In its broadest terms, optics is generally defined as that branch of physics concerned with the interactions of light with its containment medium as the light propagates through that medium. Aquatic optics generally restricts its definition of containment media to those found in naturally occurring water bodies. Since, however, the point of origin and/or final destination of the light propagation under study are very often in media other than those comprising the naturally occurring water bodies, aquatic optics must also contend with the transference of light among these adjacent media. The propagation of light through the atmosphere and the interaction of light with the solid matter containing the natural water body must, therefore, be appropriately incorporated into the principles of aquatic optics.
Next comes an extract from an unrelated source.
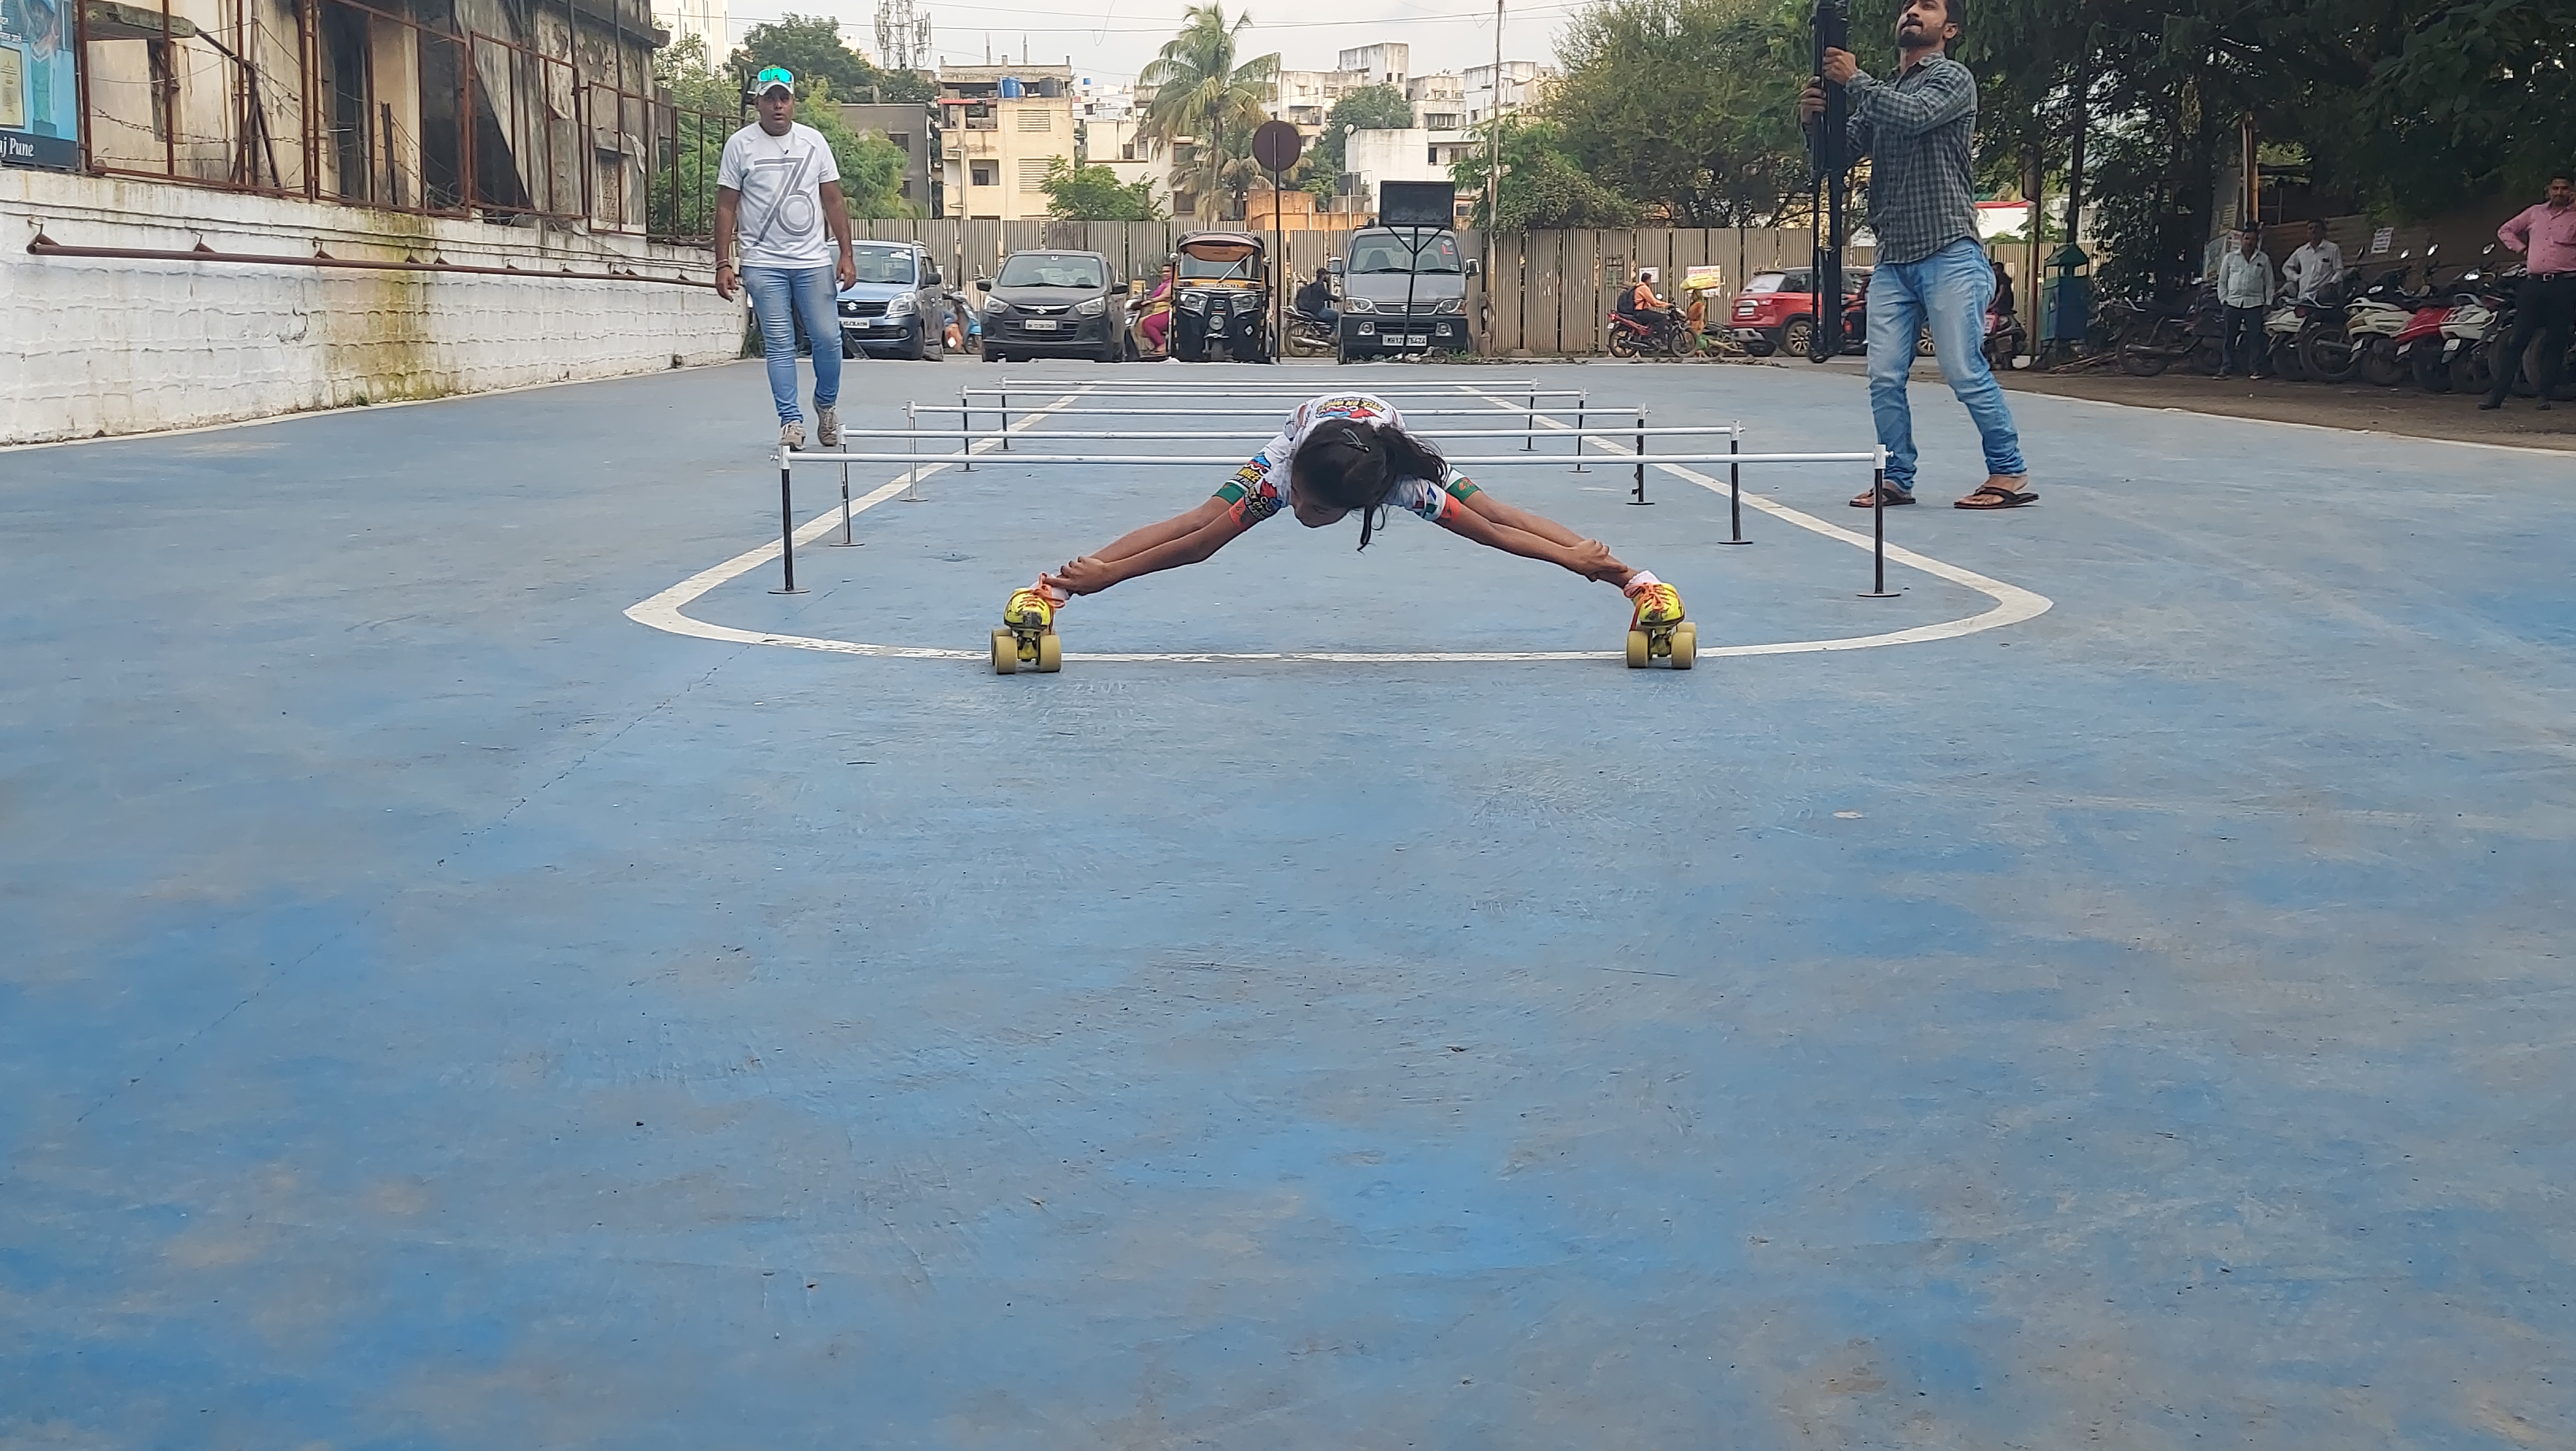 Seven-year-old Pune girl sets Guinness World Record for Limbo Skating

Aquatic optics can be subdivided according to whether the natural water body is salty (oceanographic), inland or fresh (limnological), or coastal. Oceanographic optics has long been recognized as an integral component of oceanography, and has benefitted from rapid advances in the development of sophisticated submersible spectro-optical devices and computer-based interpretative techniques. Limnological optics has not enjoyed the same longstanding recognition as has oceanographic optics, although the sophisticated spectro-optical devices and computer-based interpretative techniques offer comparable benefits. It is not the purpose of this book to dwell on the possible reasons for such an historical lack of recognition, but rather to address the nature of the limnological light field and the behavior of photons within such an aquatic environment. The fundamental theory of radiative transfer developed for atmospheric and oceanographic optics is directly applicable to the study of both the limnological and the coastal environments. However, due to the basic differences amongst oceanographic and limnological aquatic compositions, much of the interpretive techniques are not directly applicable. These similarities and differences will be discussed throughout this book.
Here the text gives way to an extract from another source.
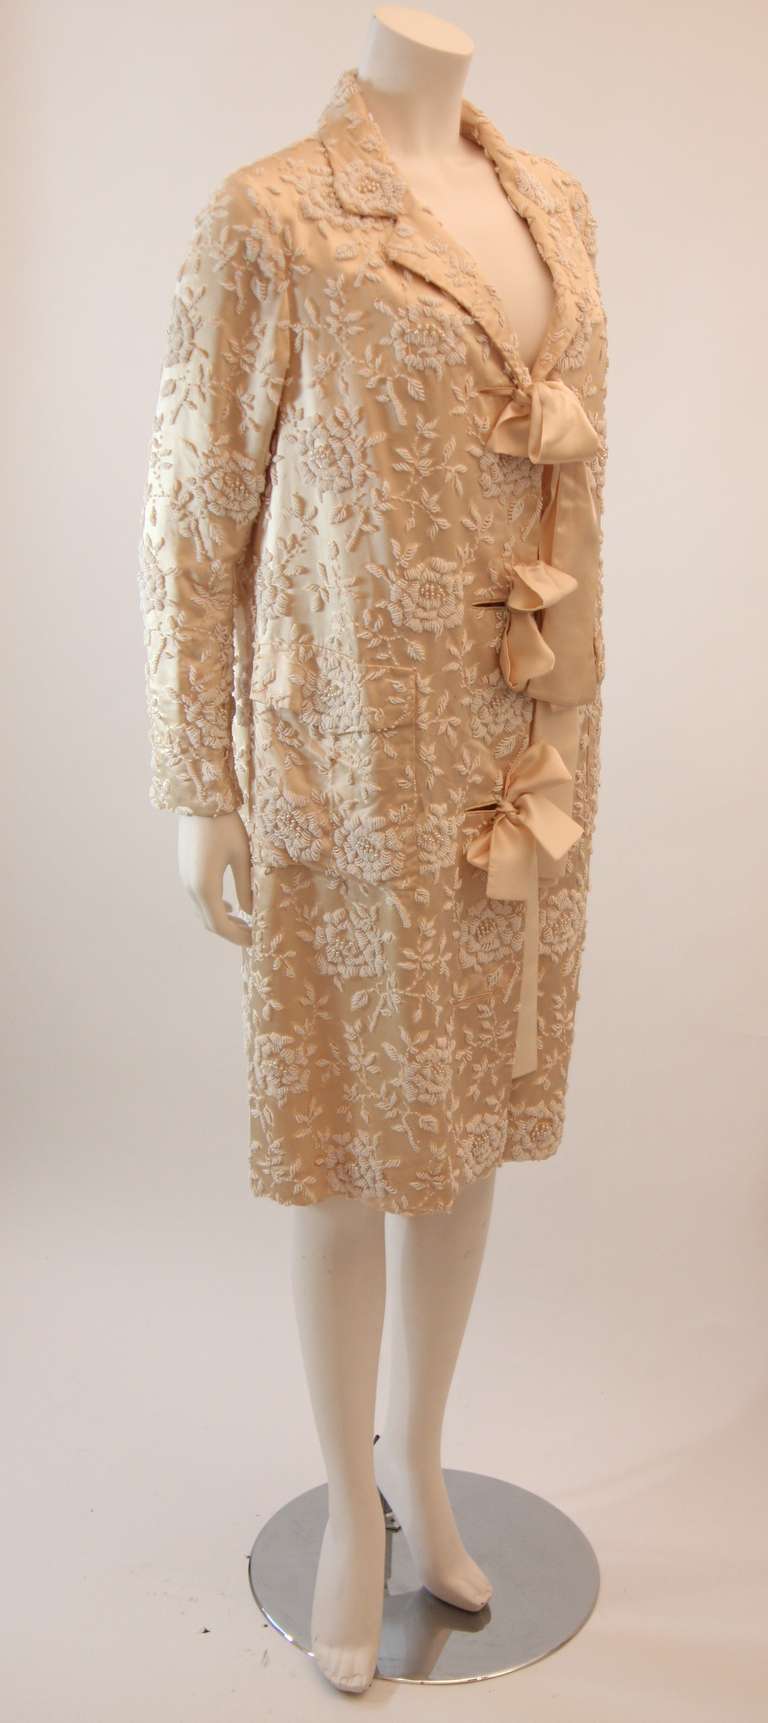 Beige Cream Silk Coat with white floral beaded motif and ribbon tie closures

The launch of ERTS-1 (the Earth Resources Technology Satellite, later renamed Landsat-1) in August 1972 introduced remote sensing as a potential tool to the protocols of environmental monitoring. Mounted onboard ERTS-1 was a broadband multispectral scanning device which recorded the radiation upwelling from the target contained within the field-of-view of the downward-looking multispectral scanning device. This target was an environmental ecosystem comprised of atmospheric, terrestrial, and/or aquatic regimes. Consequently, the satellite sensor recorded an integrated spectral signature representing the reflected portion of the solar and sky radiation impinging upon the earth (later sensors recorded a second signature representing the thermal energy generated by the ecosystem itself). Since the parameter recorded at the orbiting satellite was optical in nature, it logically followed that such optical data should be interpreted in terms of the optical properties of the environmental targets. Remote sensing and its potential role in environmental monitoring activities became, therefore, intimately linked with aquatic optics, providing, as it did, a need to understand the interactive nature of electromagnetic radiation and natural water bodies.

As subsequent satellites were launched (some such as Nimbus-7 and Seasat were dedicated predominantly to the study of oceans and ocean color), techniques to extract oceanographic information from the continuous streams of remotely-sensed data were rapidly developed. Understandably, these environmental satellites contained payloads of optical devices sensitive to various energy regions of the electromagnetic spectrum. It is the intention of this book to review the philosophy and scientific theory governing such information extraction within a restricted region of the electromagnetic spectrum, namely the visible wavelength region. While other regions of the electromagnetic spectrum (most notably microwave, radar, and thermal infrared) have been justifiably represented by the complements of sensors comprising both aircraft and satellite remote sensing missions dedicated to aquatic studies, measurement of water colour continues to comprise a major component of such remote sensing activities. For this reason, the major thrust of this book will be directed towards an interpretation of visible light (that is, radiation contained within the boundaries of the color wavelengths) emanating from inland and coastal natural water bodies (that is, natural waters influenced by their proximity to land masses).

To accommodate this thrust, the basic theory and general principles of aquatic optics and light propagation will first be briefly reviewed. A glossary is included at the end of this book defining the terminology that will be used throughout the text. Remote sensing will be treated as a parallel topic wi...